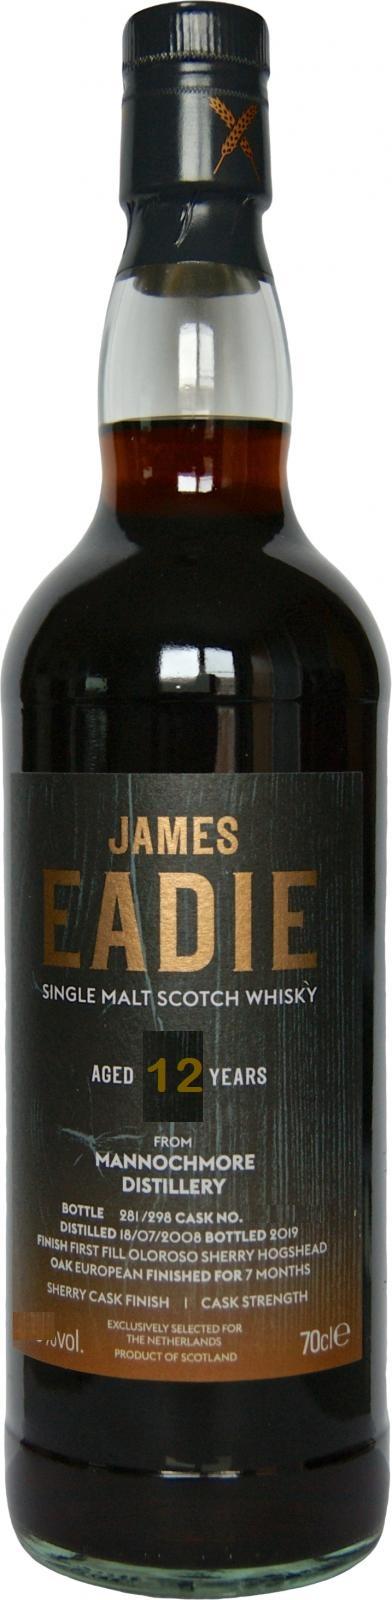 Mannochmore 12 yrs James Eadie
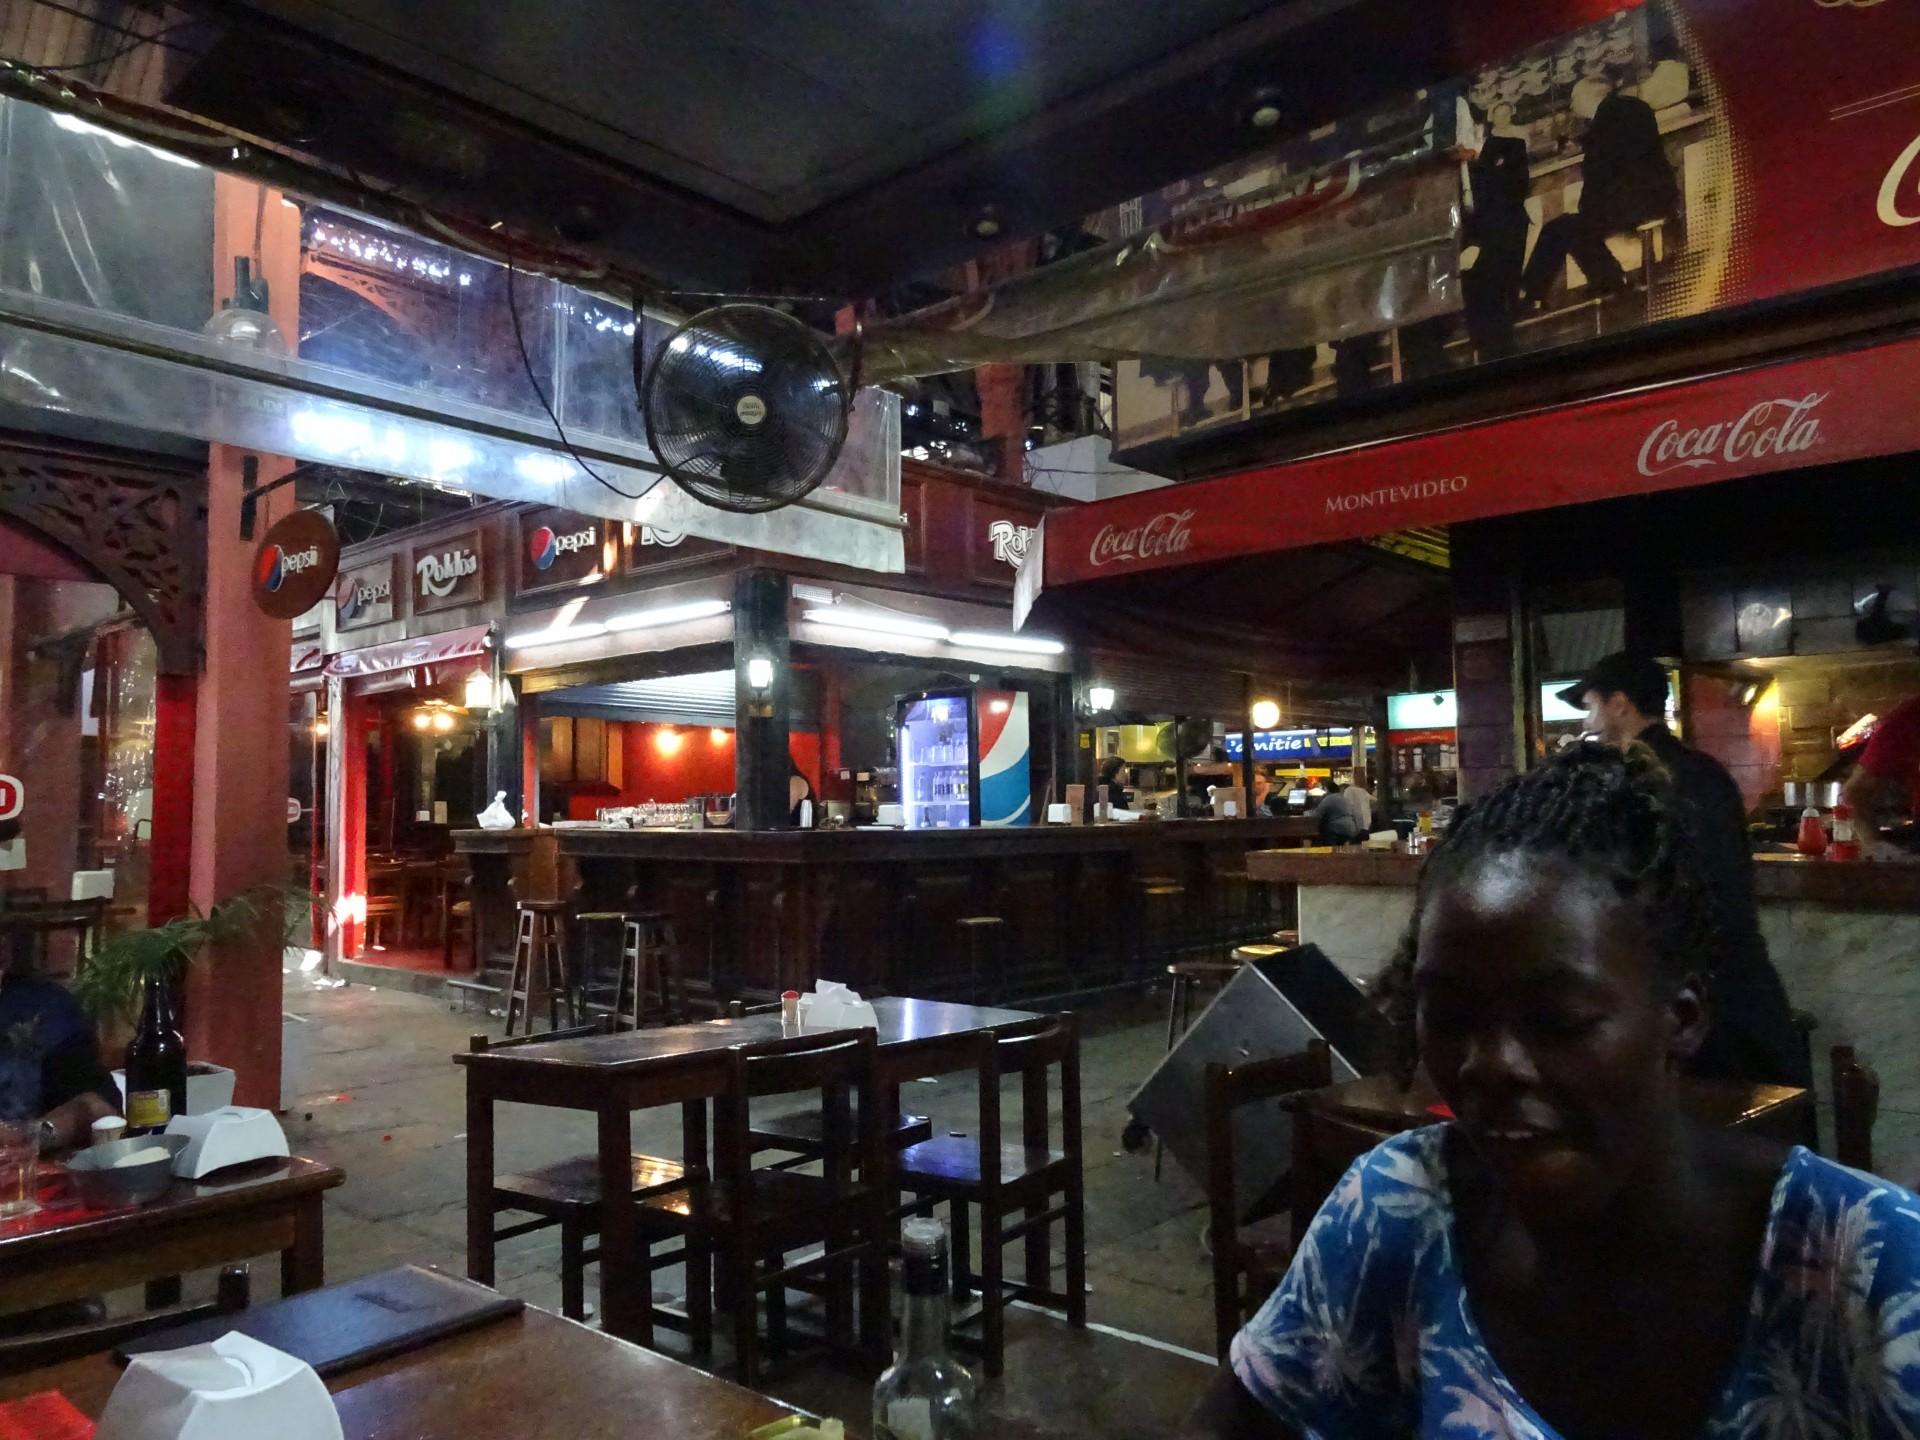 Asado in an empty market.
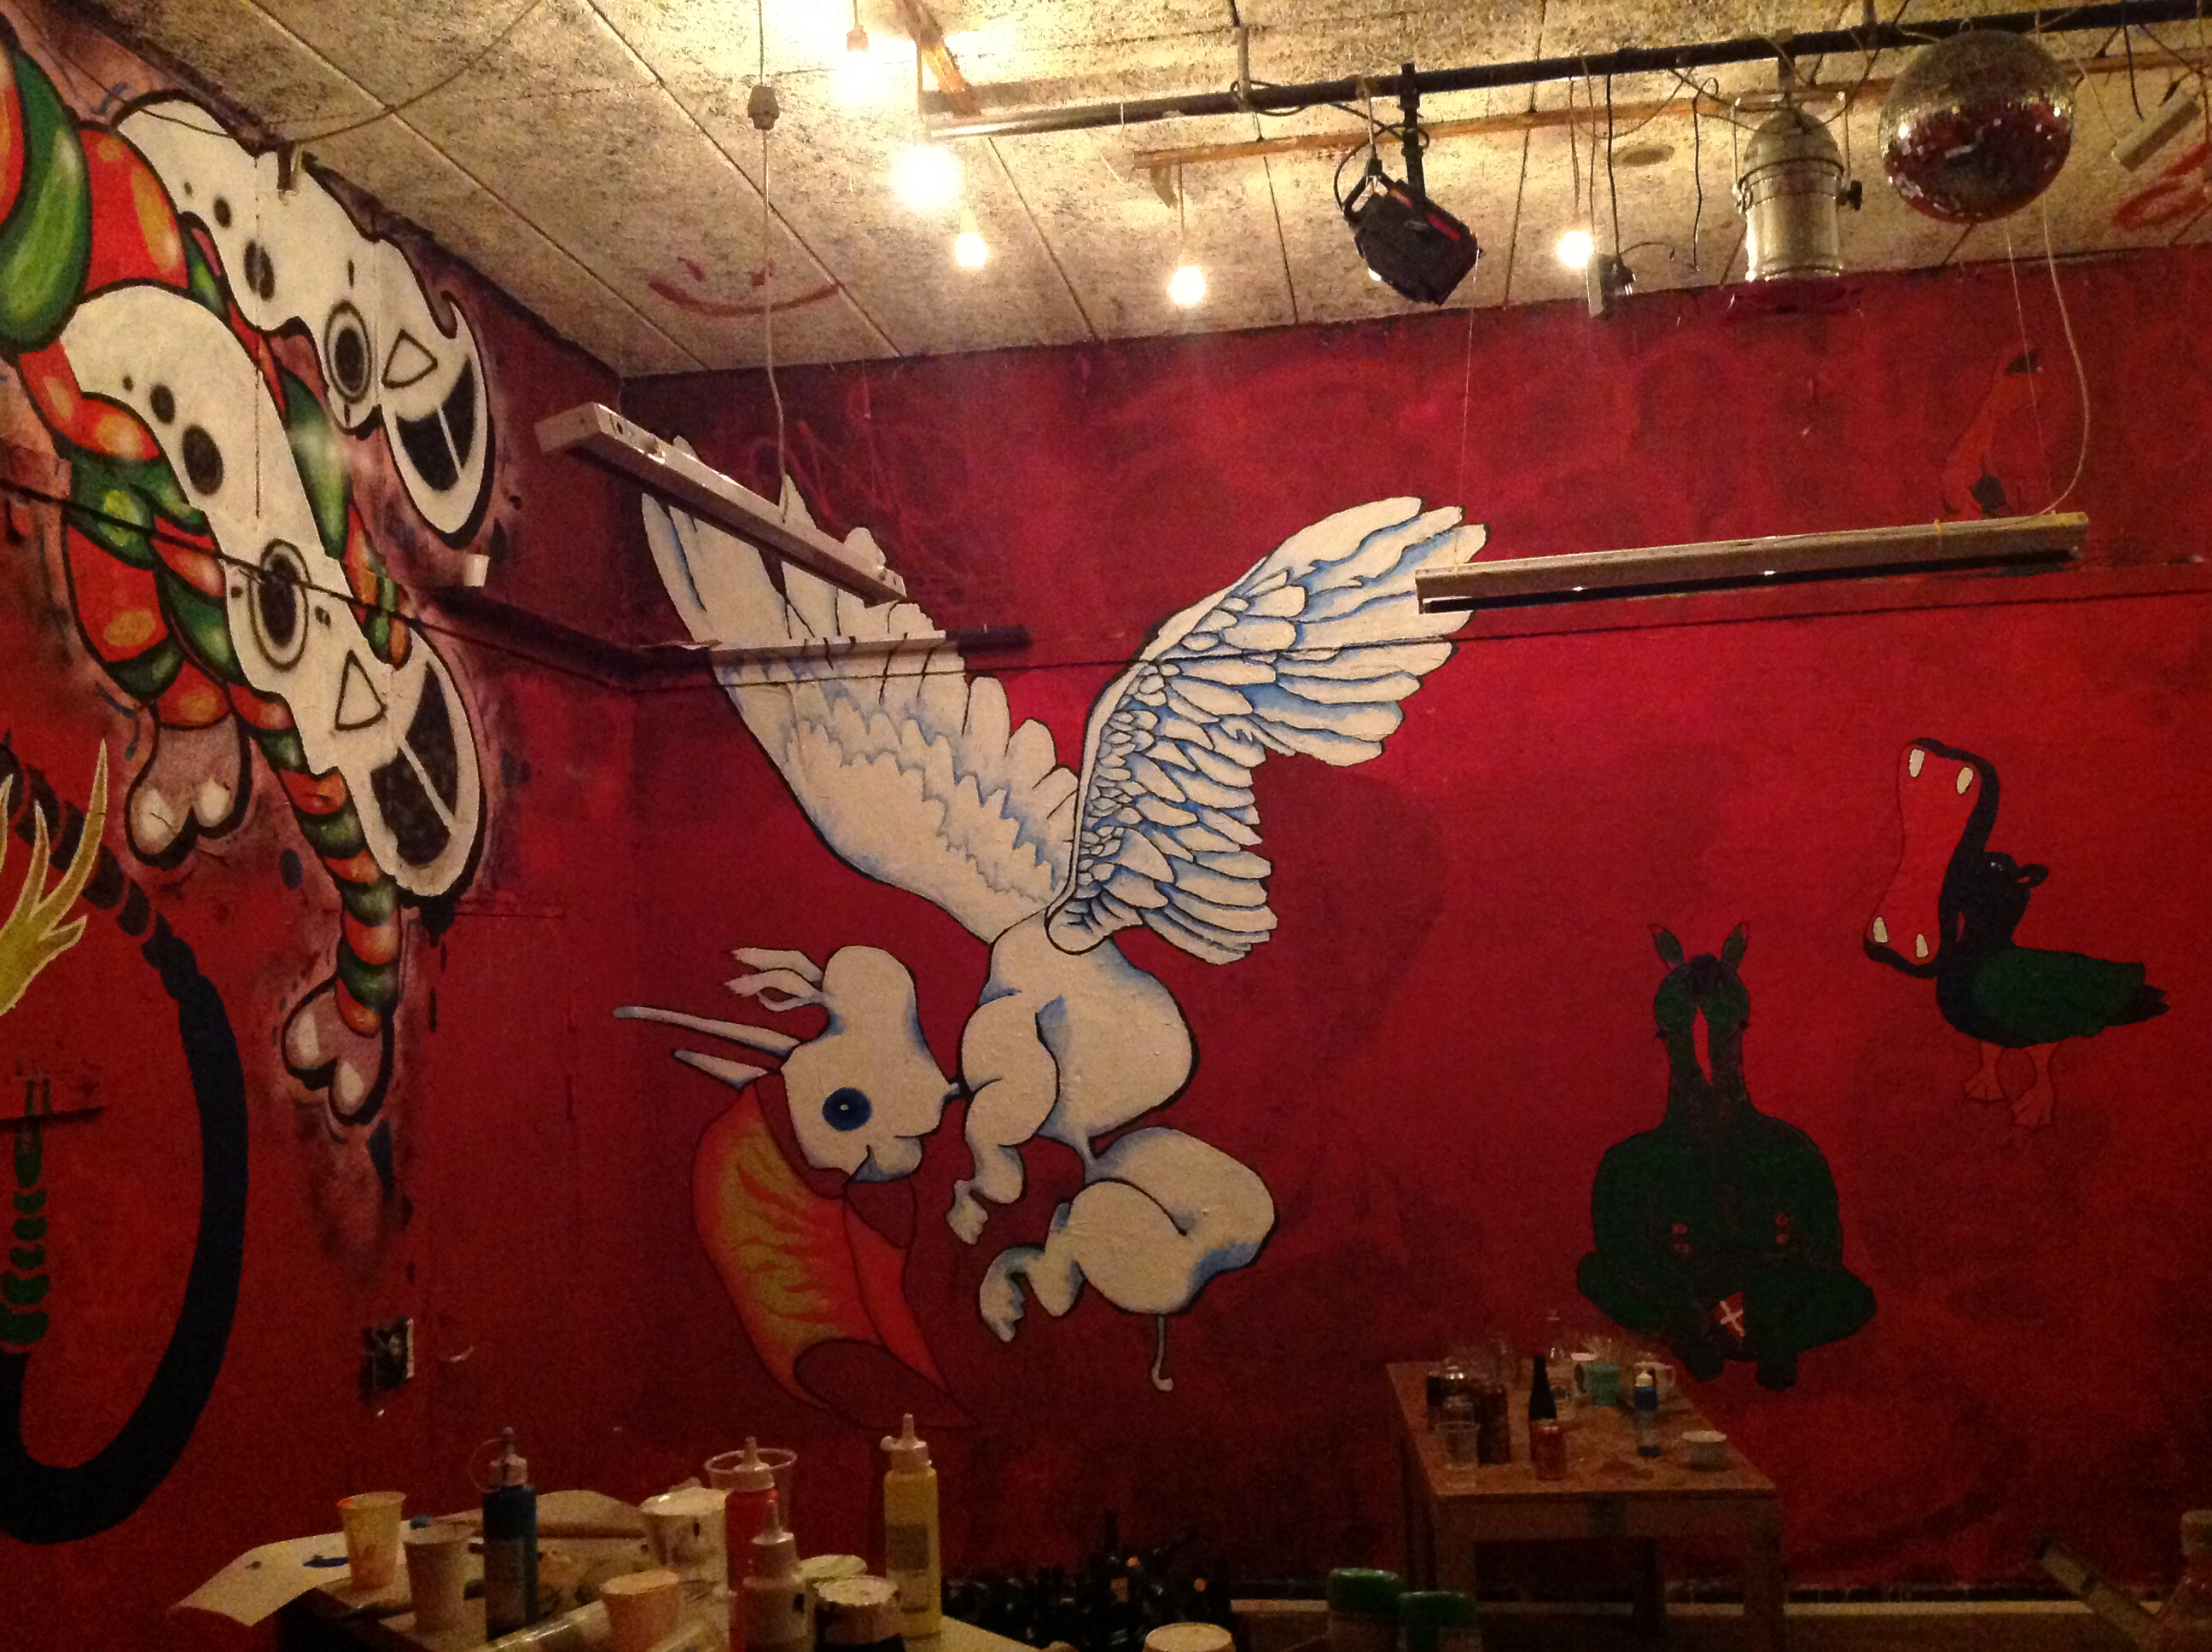 Maleri projekt i Kunsthøjskolen cafe
-=-=-
§ **TASK PROMPT**: If the data includes images, omit them, and set down everything else exactly as above.

§ **YOUR RESPONSE**:
 Mannochmore 12 yrs James Eadie
 Asado in an empty market.
 Maleri projekt i Kunsthøjskolen cafe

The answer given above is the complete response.